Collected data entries
━━━━━━
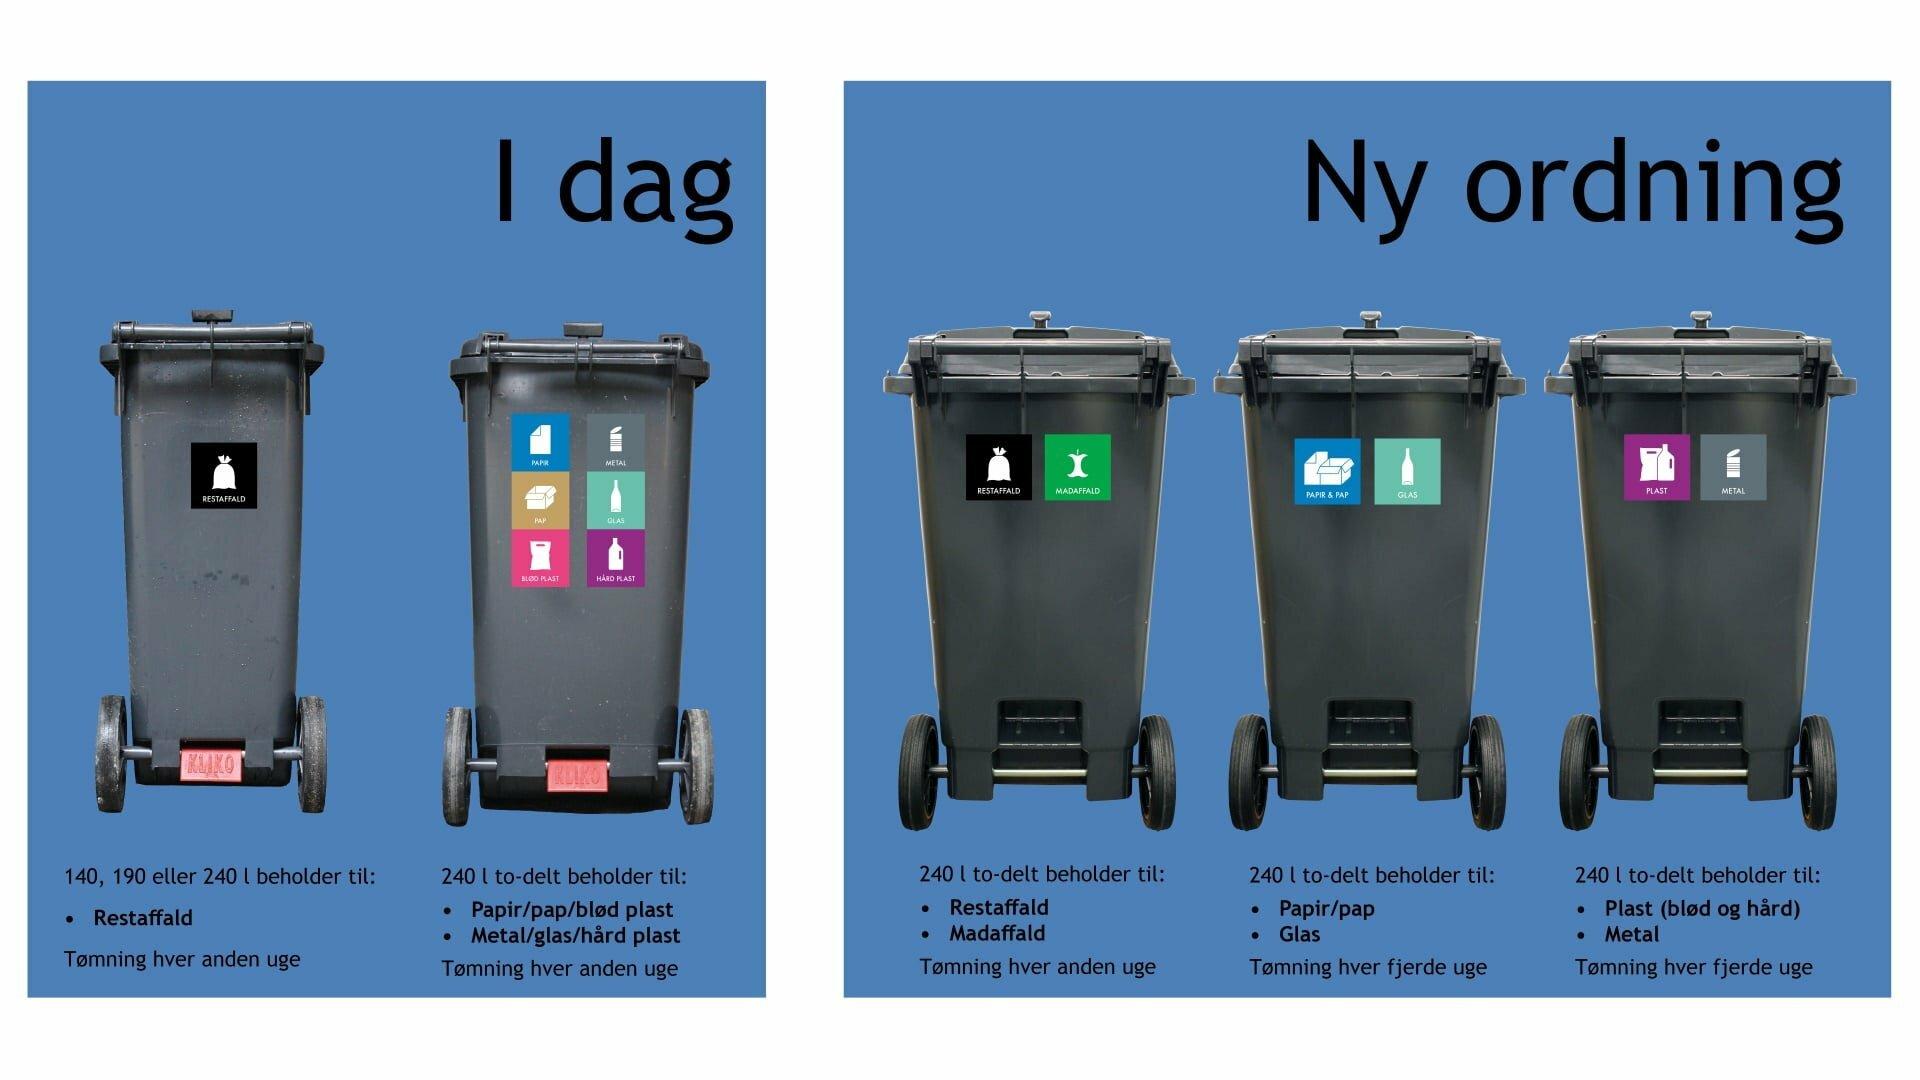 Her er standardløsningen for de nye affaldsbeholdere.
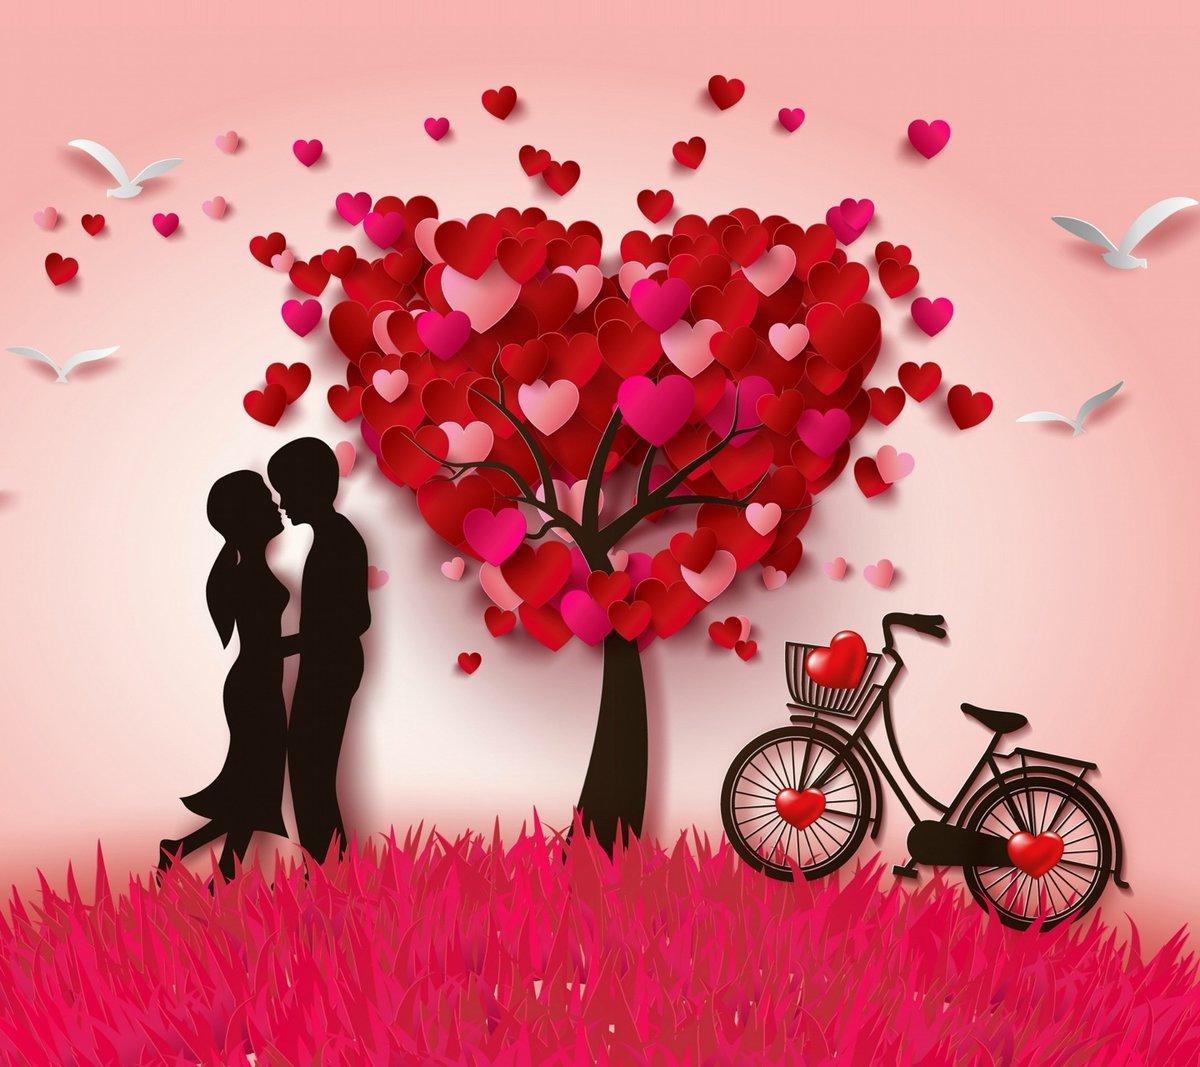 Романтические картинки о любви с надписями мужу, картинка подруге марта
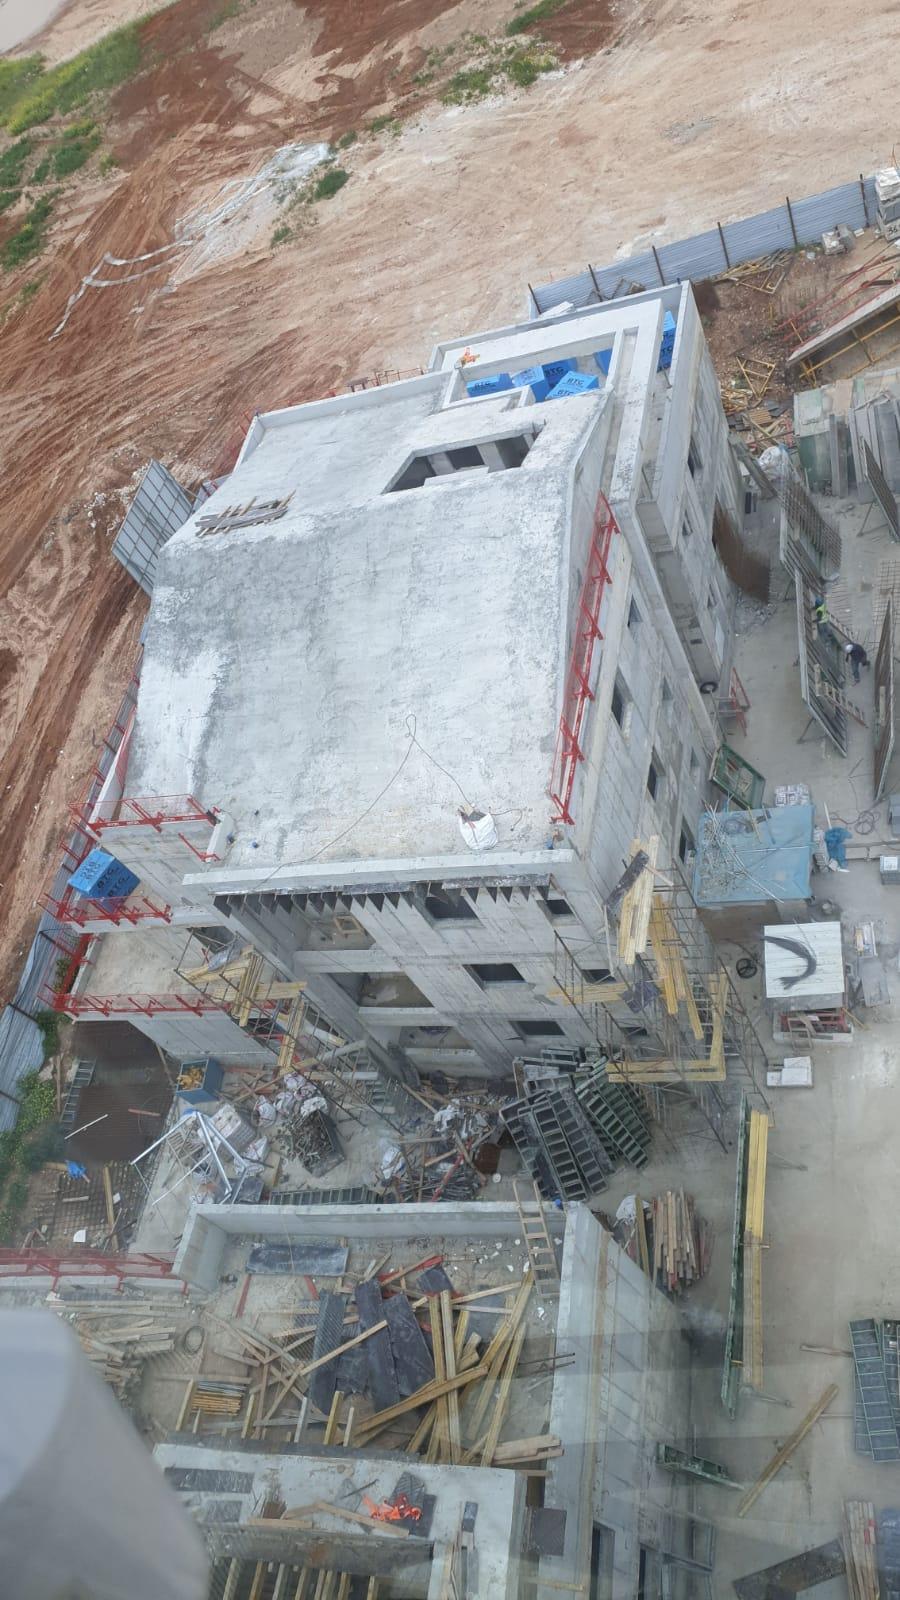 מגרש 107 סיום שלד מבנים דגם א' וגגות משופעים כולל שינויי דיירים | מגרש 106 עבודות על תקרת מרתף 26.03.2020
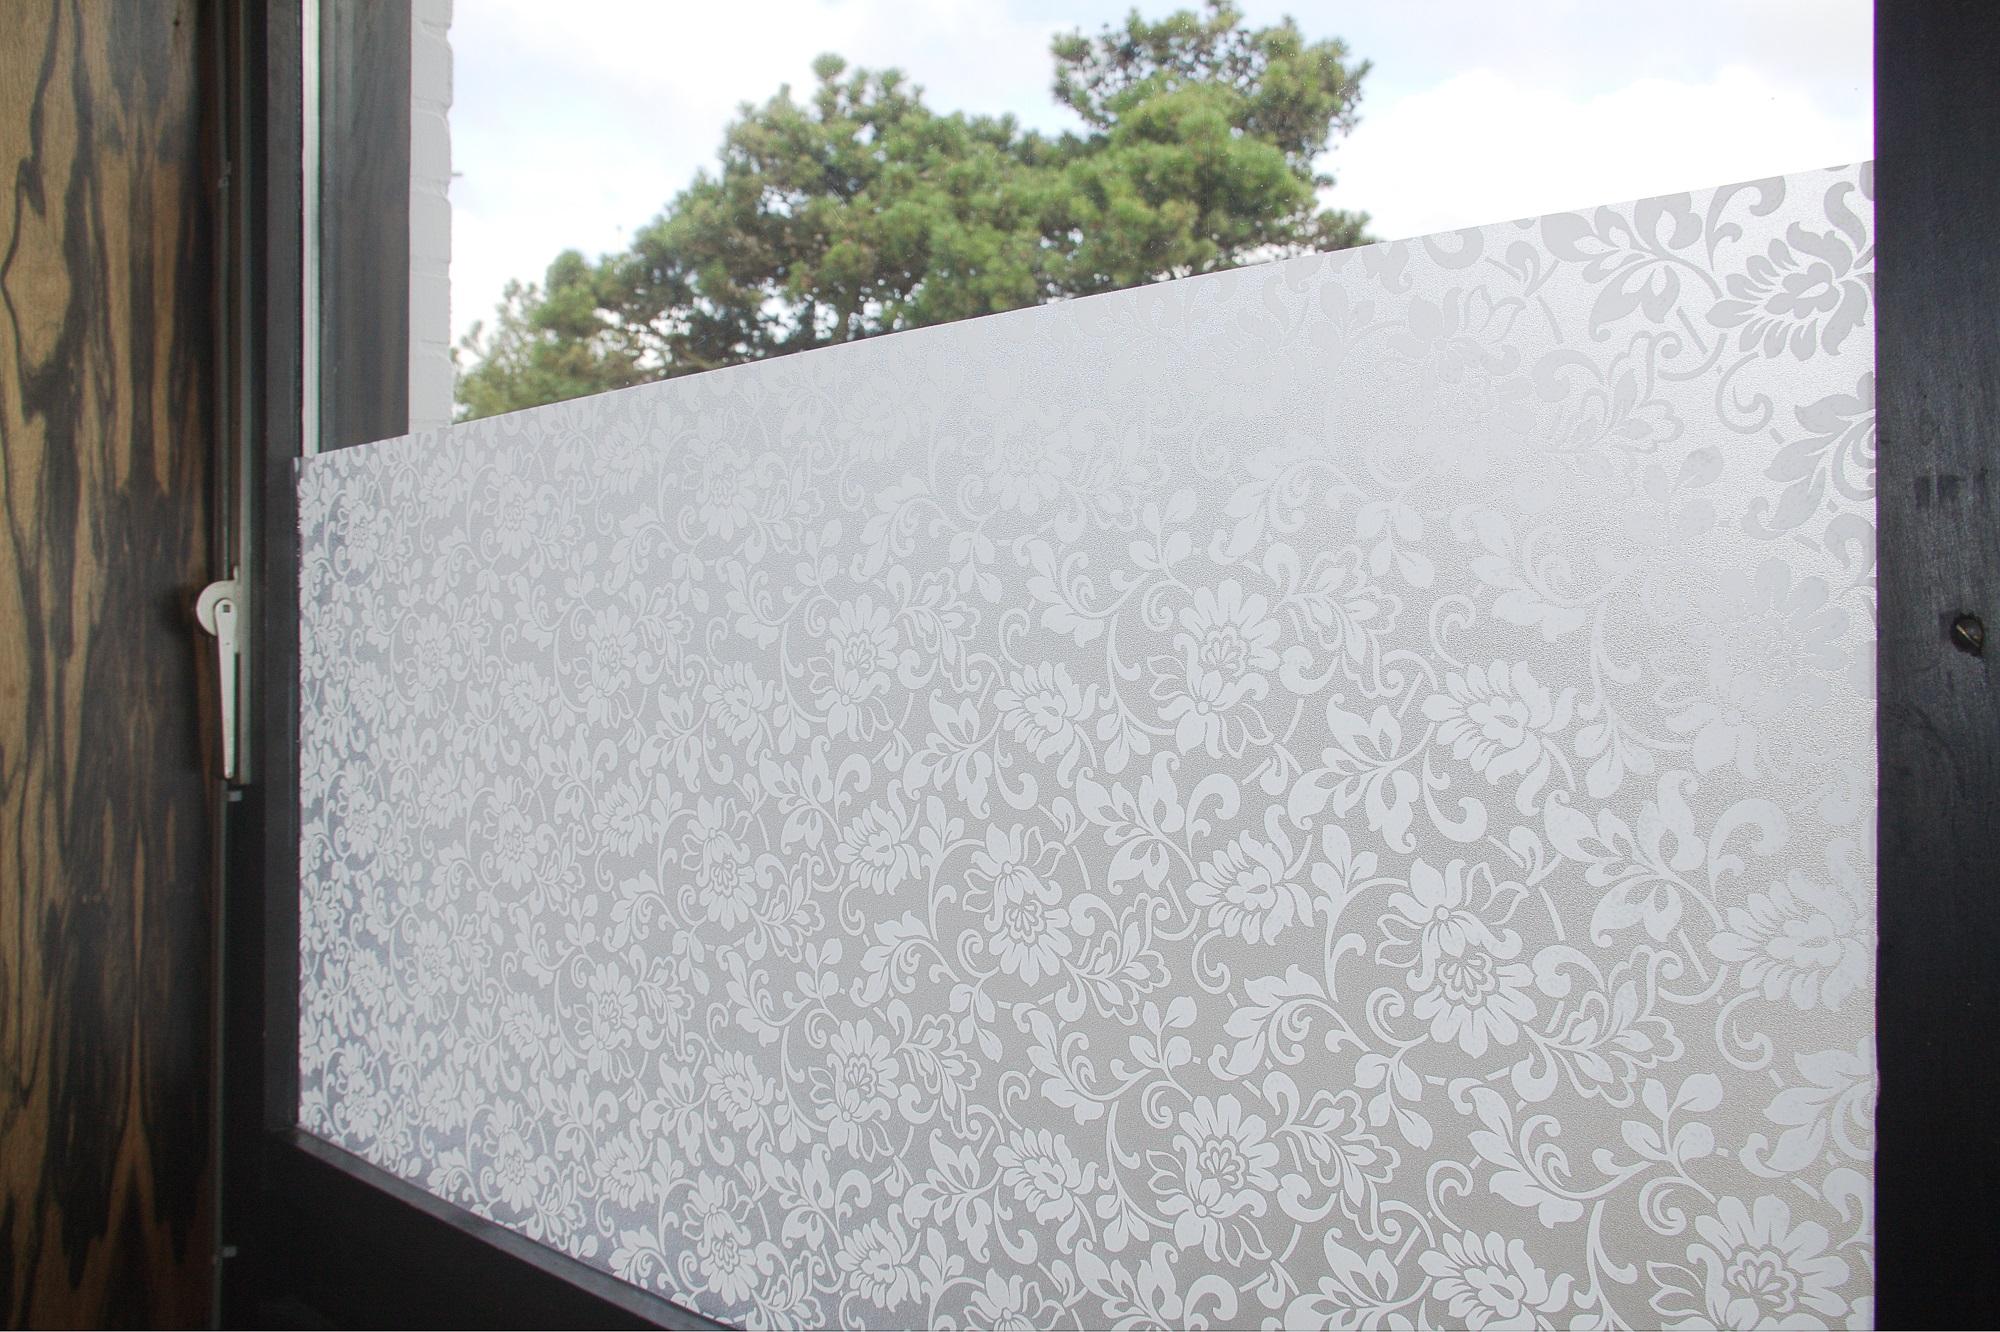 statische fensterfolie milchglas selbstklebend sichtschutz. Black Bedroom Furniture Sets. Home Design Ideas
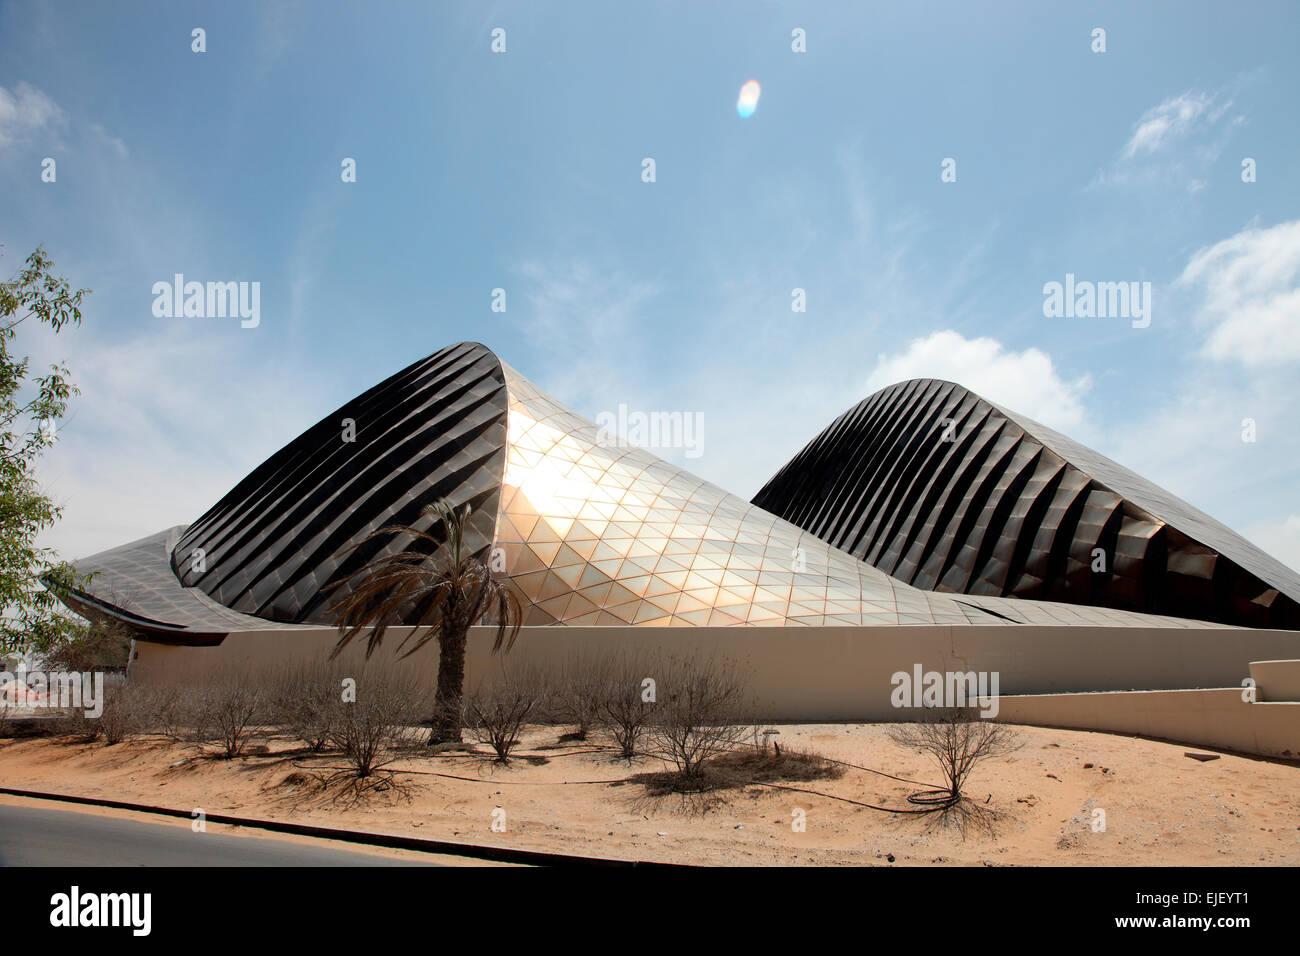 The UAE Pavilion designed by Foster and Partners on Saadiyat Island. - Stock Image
━━━━━━
> _BRIEF_:
Retype each line of the records exactly as it reads; no pictures belong in the copy.

> _SOLUTION TO THIS EXERCISE_:
 Her er standardløsningen for de nye affaldsbeholdere.
 Романтические картинки о любви с надписями мужу, картинка подруге марта
 מגרש 107 סיום שלד מבנים דגם א' וגגות משופעים כולל שינויי דיירים | מגרש 106 עבודות על תקרת מרתף 26.03.2020
 statische fensterfolie milchglas selbstklebend sichtschutz. Black Bedroom Furniture Sets. Home Design Ideas
 The UAE Pavilion designed by Foster and Partners on Saadiyat Island. - Stock Image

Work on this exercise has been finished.